Archived: Community insights inform larger scale prevention programs

7 June 2016

Even the most effective policies can fail because they are not implemented properly in the schools, sports clubs and workplaces that have direct contact with large numbers of people. But there is very little literature on how to roll out and implement interventions successfully across multiple sites – ‘at scale’.

Luke Wolfenden

The Prevention Centre is addressing this problem through a research project led by Associate Professor Wolfenden, an NHMRC Fellow at the University of Newcastle. The project aims to generate evidence on strategies that have successfully enabled interventions to be scaled up.

Evidence base

“Policy makers and practitioners are largely bereft of an evidence base to guide implementation efforts – but without implementation at scale, effective health promoting interventions are unable to benefit public health,” said Associate Professor Wolfenden.

The problem is exemplified in the difficulties most schools have in implementing healthy canteen policies. Although these policies were introduced in most Australian states more than 10 years ago, an audit conducted by Deakin University indicated that about 65-95% of schools in most Australian states were still selling foods that were discouraged by state healthy canteen guidelines or policies.

“On that basis we found there was a failure to implement the policy in many schools to the point where the potential benefits of the policy weren’t being realised in the community,” Associate Professor Wolfenden said.

The researchers found many school canteens thought they were complying with the policy, when in fact they did not understand its complexities.

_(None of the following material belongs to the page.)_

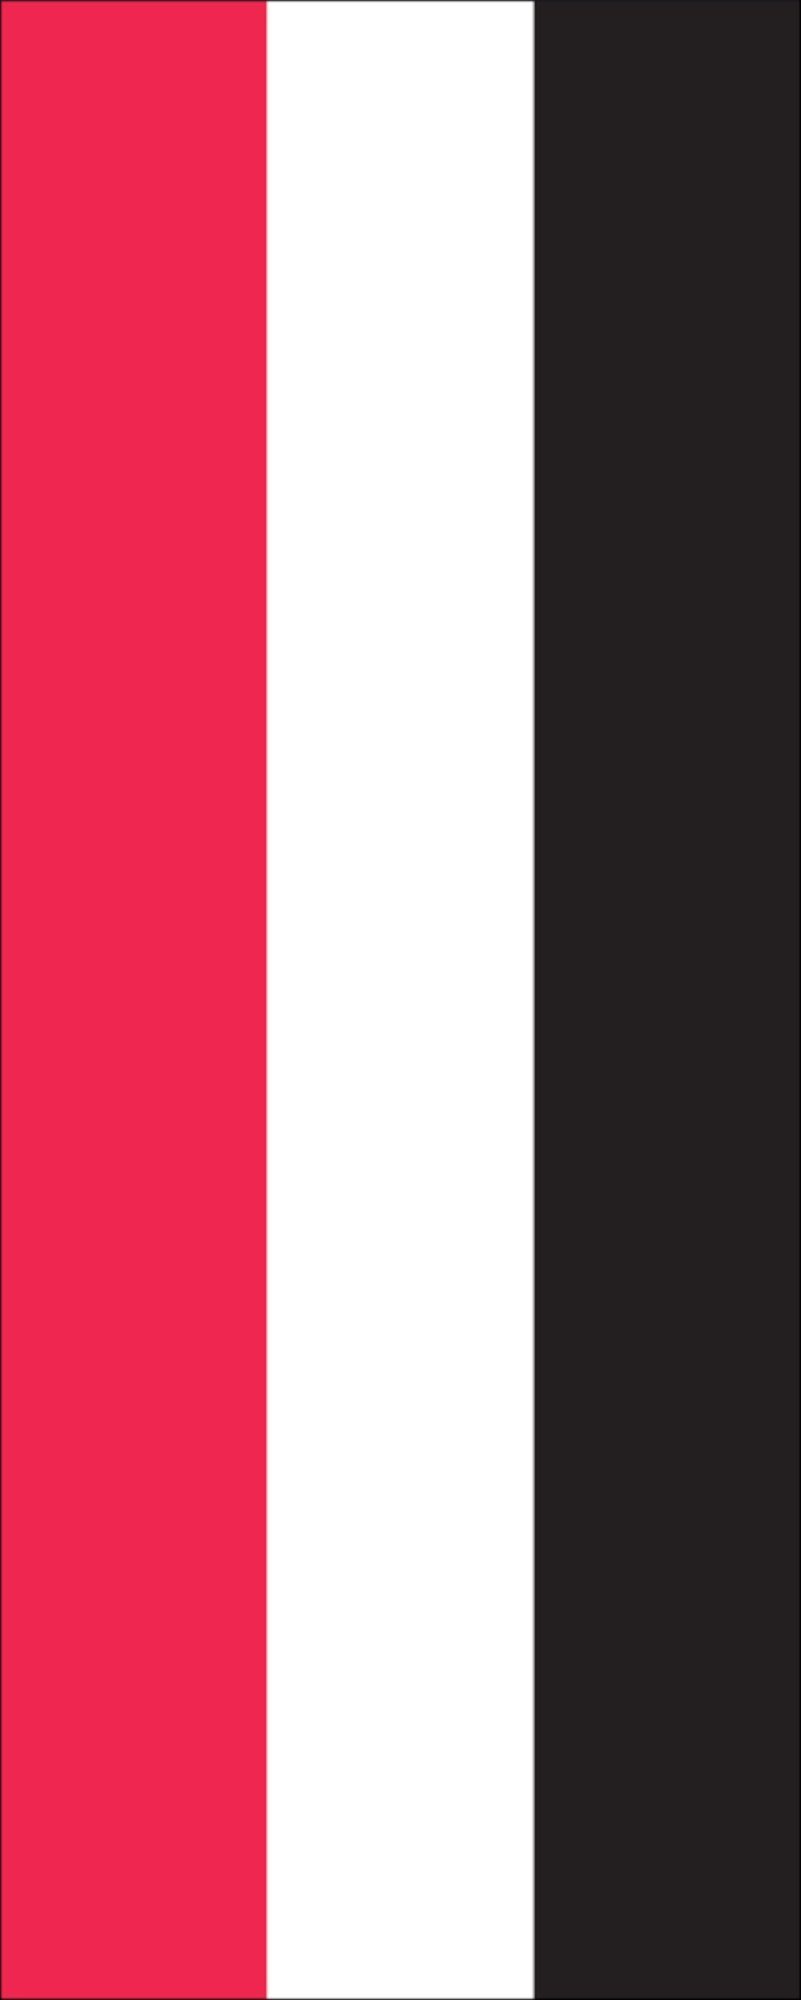 160 Hochformat Jemen Flagge flaggenmeer g/m²
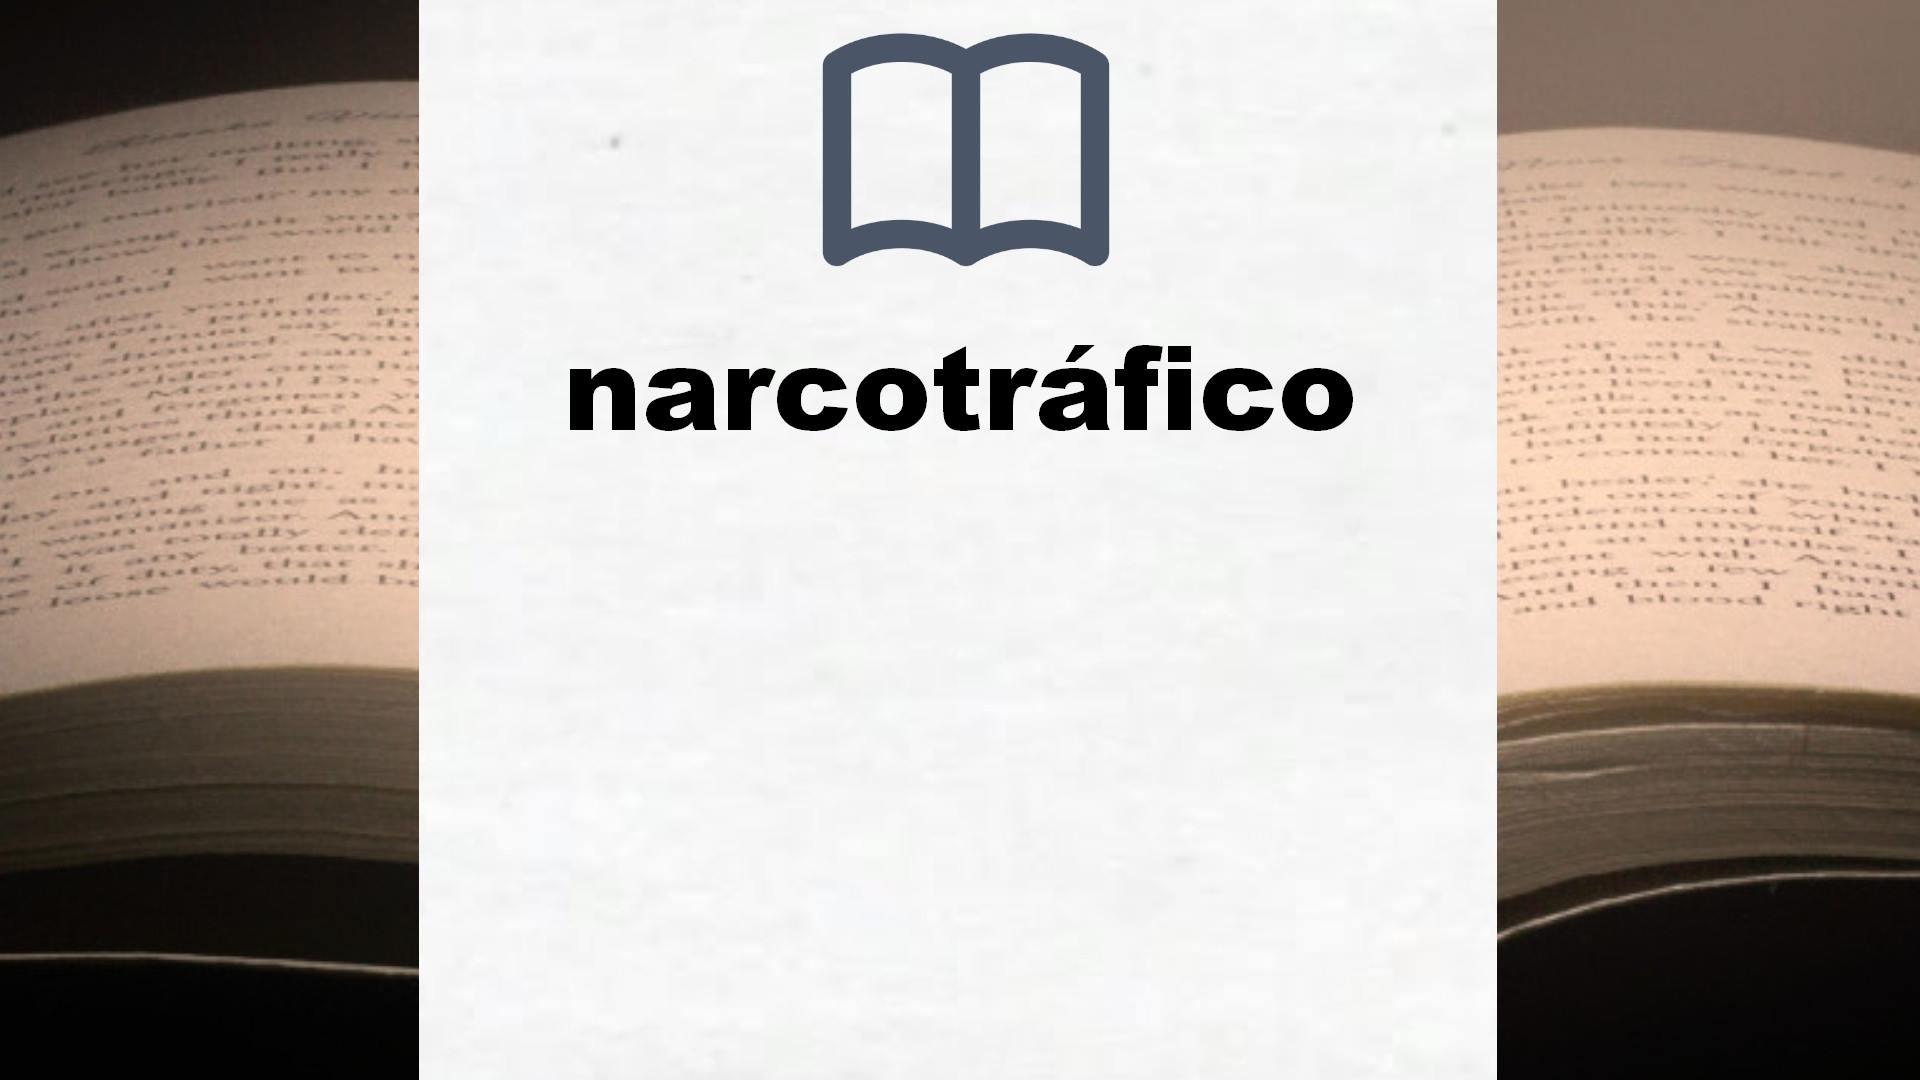 Libros sobre narcotráfico

Addressing knowledge barriers, offering guidance and providing staff training were important factors influencing successful implementation, he said.

Systematic reviews

The Prevention Centre project will comprise a series of systematic reviews looking at how risk factors for chronic disease such as smoking, nutrition, alcohol and physical activity are being addressed in childcare services, schools, workplaces and sporting clubs.

The project aims to generate evidence regarding the effectiveness of scaling interventions that can be used in larger planned program roll-outs across 50 or more locations.

“This research will tell policy makers and practitioners what approaches have worked in the past and provide evidence that health decision makers can use in their own contexts,” Associate Professor Wolfenden said.